Ao insinuar que seus opositores são maconheiros, Bolsonaro soa como doidão
JOSIAS DE SOUZA
A cabeça de Bolsonaro funciona como um terreno baldio onde os filhos e ele próprio atiram a sujeira que compõe o seu linguajar de sarjeta. O país já se habituou à falta de compostura do presidente. Mas alguém da assessoria da Presidência deveria mandar examinar a água do Alvorada. Algo foge ao controle. Nesta segunda-feira, o capitão soou em timbre, digamos, meio doidão.
Em conversa com os devotos do cercadinho do Alvorada, Bolsonaro comentou as manifestações anti-bolsonaristas de sábado. O asfalto gemeu em mais de 200 cidades. As aglomerações foram maciças em São Paulo e no Rio. Mas o capitão viu as ruas vazias. Insinuou que faltou aos seus opositores o estímulo de um entorpecente.
"Você sabe por que tem pouca gente nessa manifestação da esquerda agora, no último fim de semana?", indagou Bolsonaro, antes de emendar: "Porque a PF e a PRF estão prendendo muita maconha pelo Brasil. Faltou erva para o movimento." Já se sabia que faltavam vacinas. Confirma-se que faltam também miolos ao presidente.

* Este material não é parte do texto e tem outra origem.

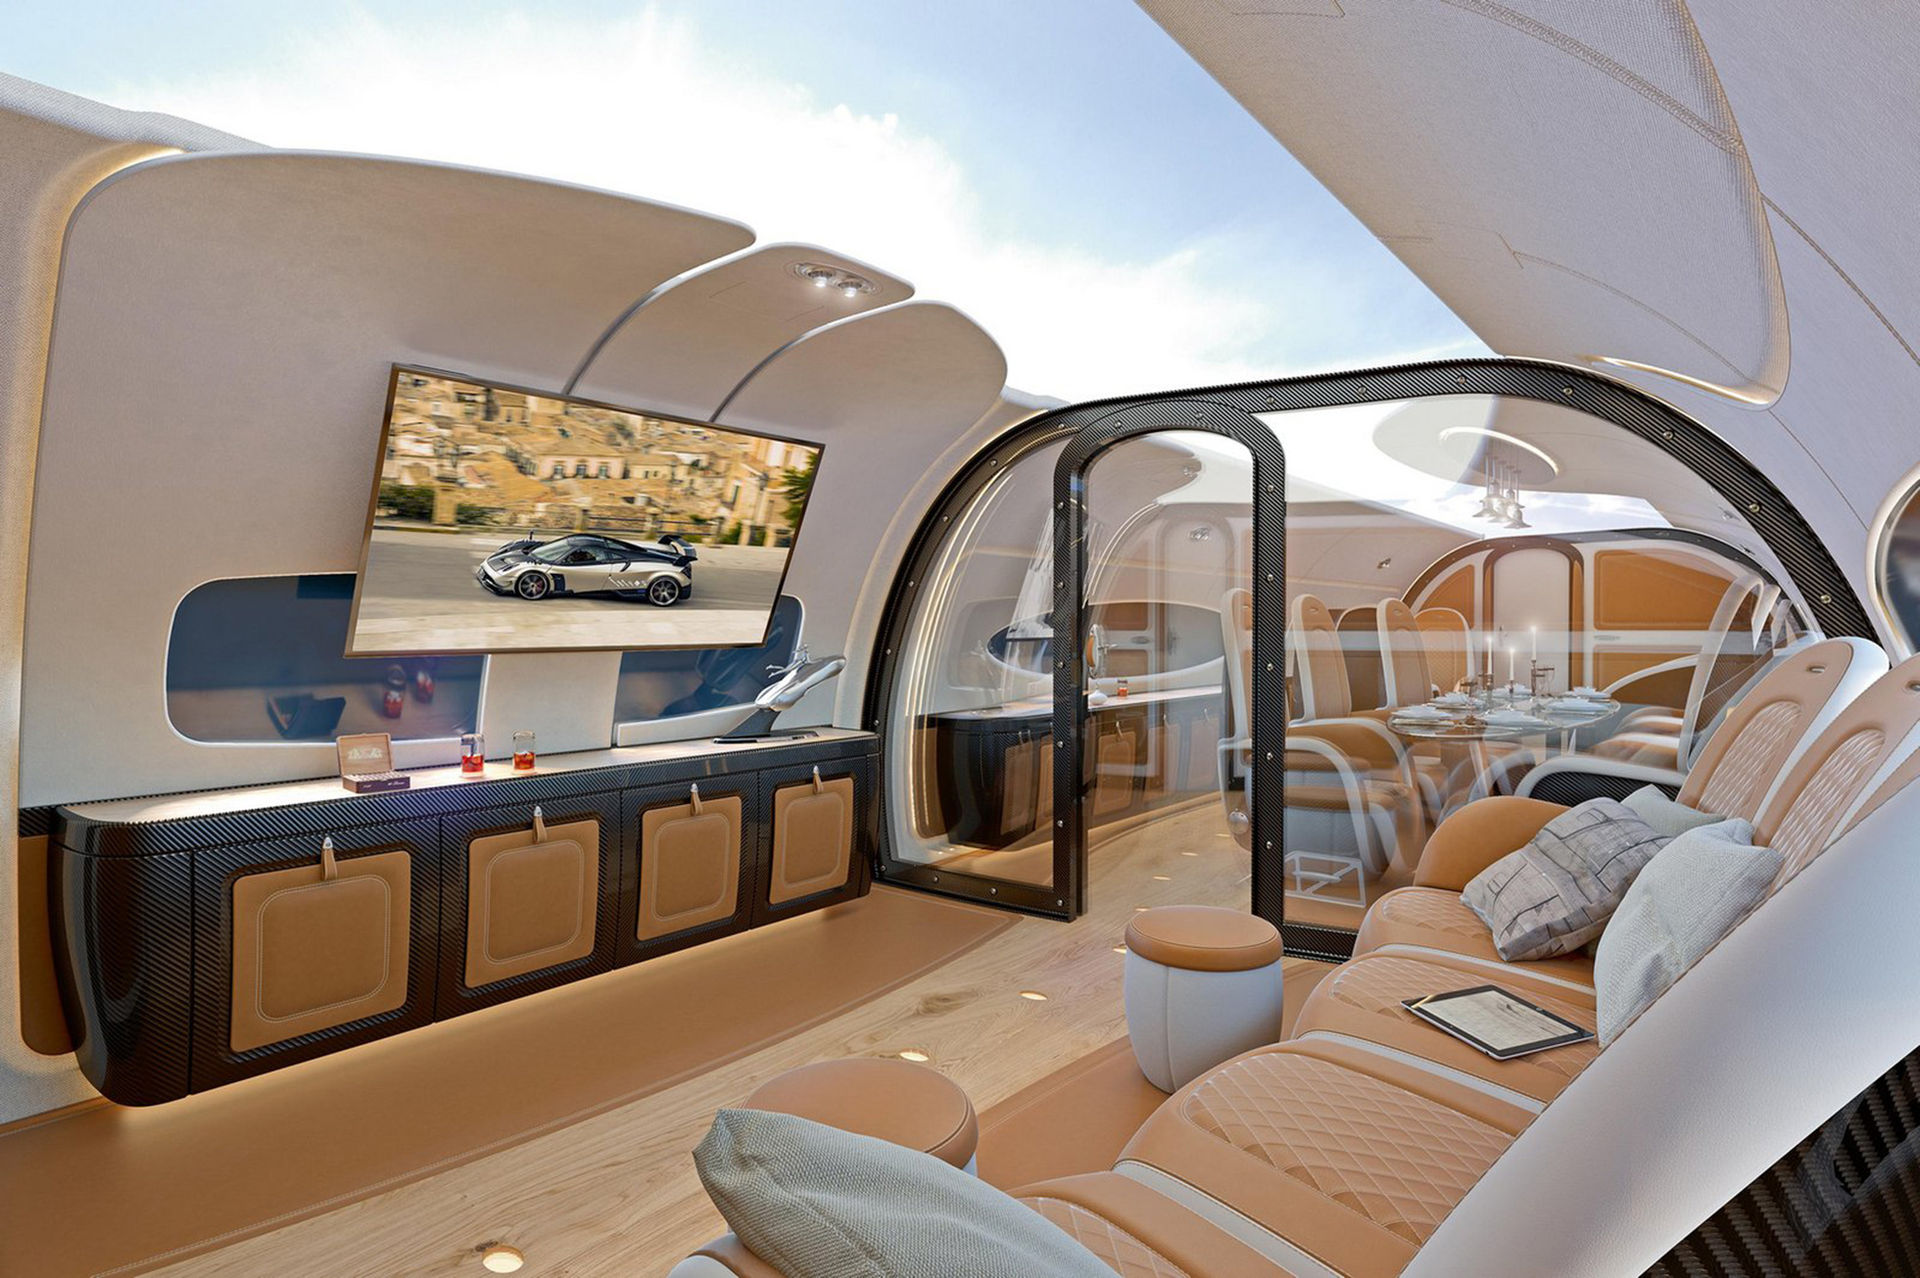 Pagani designar flygplanskabin åt Airbus

A característica fundamental da dificuldade de julgamento do brasileiro é ter que ouvir Bolsonaro incontáveis vezes para chegar à conclusão de que ele não tem nada de aproveitável a dizer. Aglomerador contumaz, não dispõe de autoridade para condenar aglomerações alheias. Recorre, então, à ironia. É como se estivesse decidido a validar a tese segundo a qual a reativação das ruas tornou-se inevitável porque Bolsonaro é mais perigoso do que o vírus.

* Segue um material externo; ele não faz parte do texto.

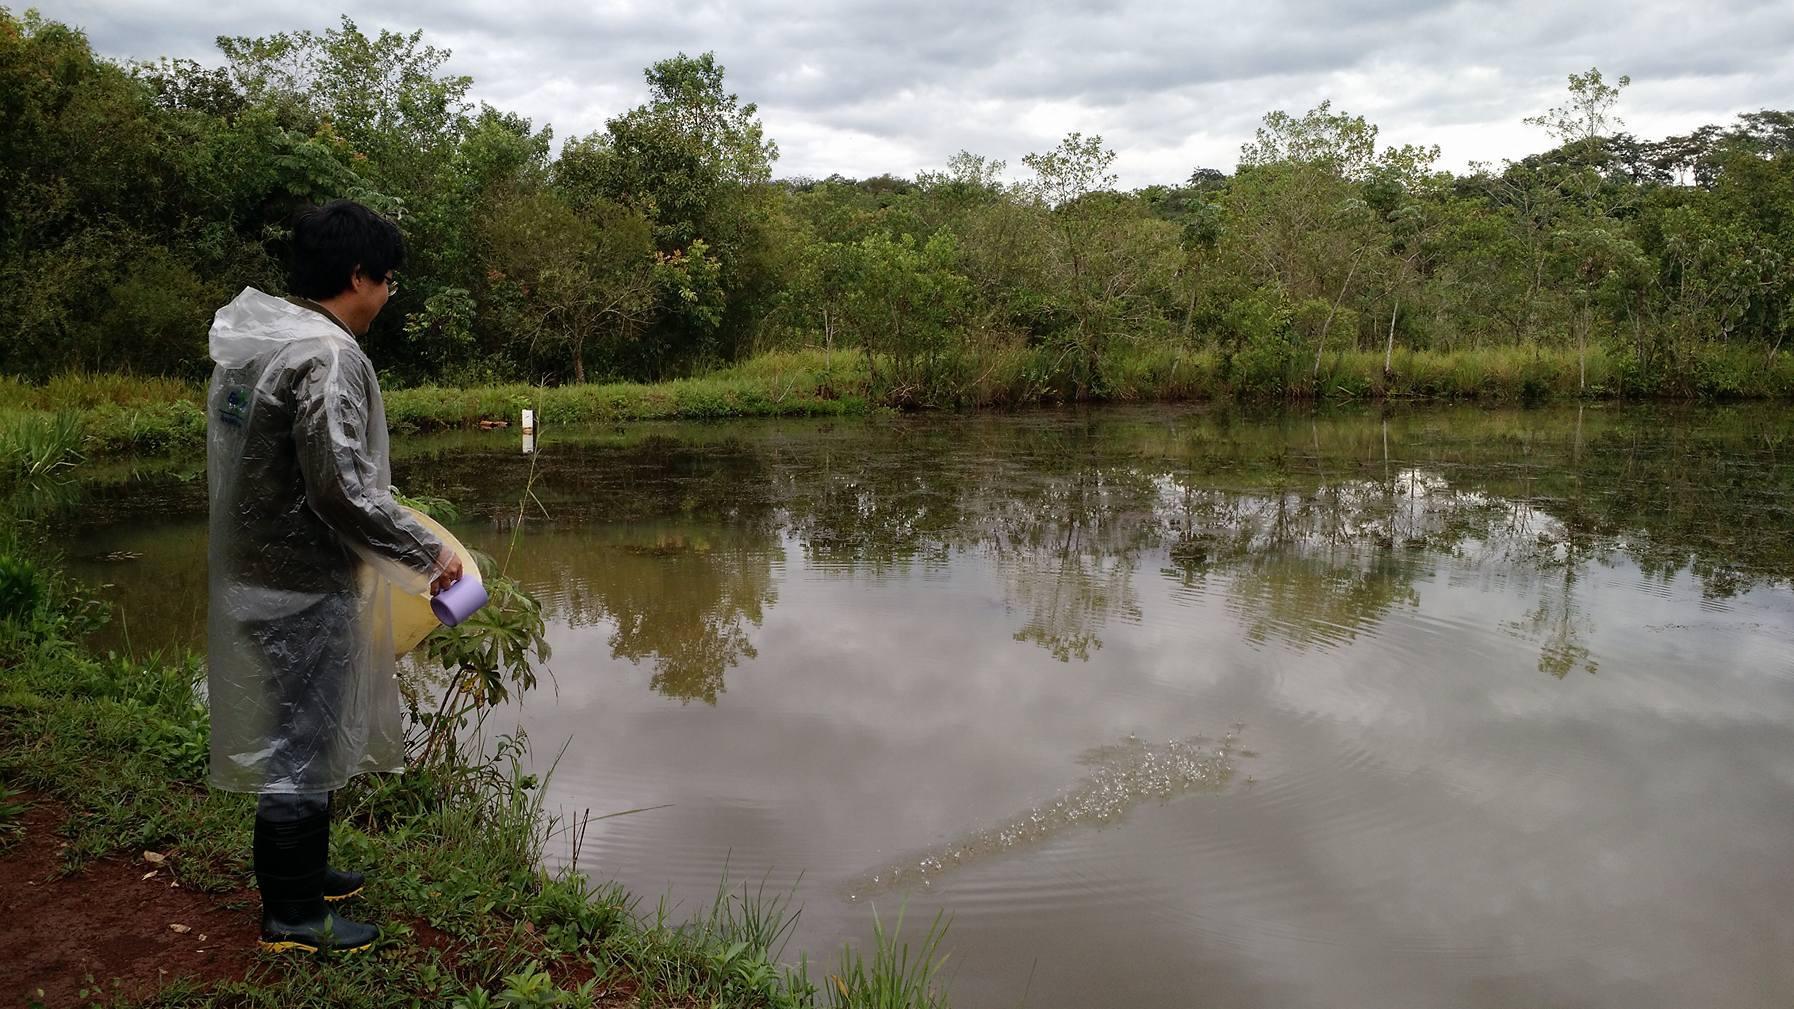 Piscicultura qualidade e temperatura da gua s o for Elaboracion de estanques para piscicultura

Embora ainda não tenha notado, Bolsonaro é a principal vítima do seu próprio discurso. Ao negligenciar a compra de vacinas no ano passado, grudou o seu rosto no semblante da crise. O primeiro passo para se dissociar do problema seria passar uma imagem de tranquilidade. Não consegue.
A teoria de que há algo errado na água do Alvorada é a opção mais benigna. A alternativa seria admitir que há no Planalto um presidente incapaz de lidar com suas incapacidades.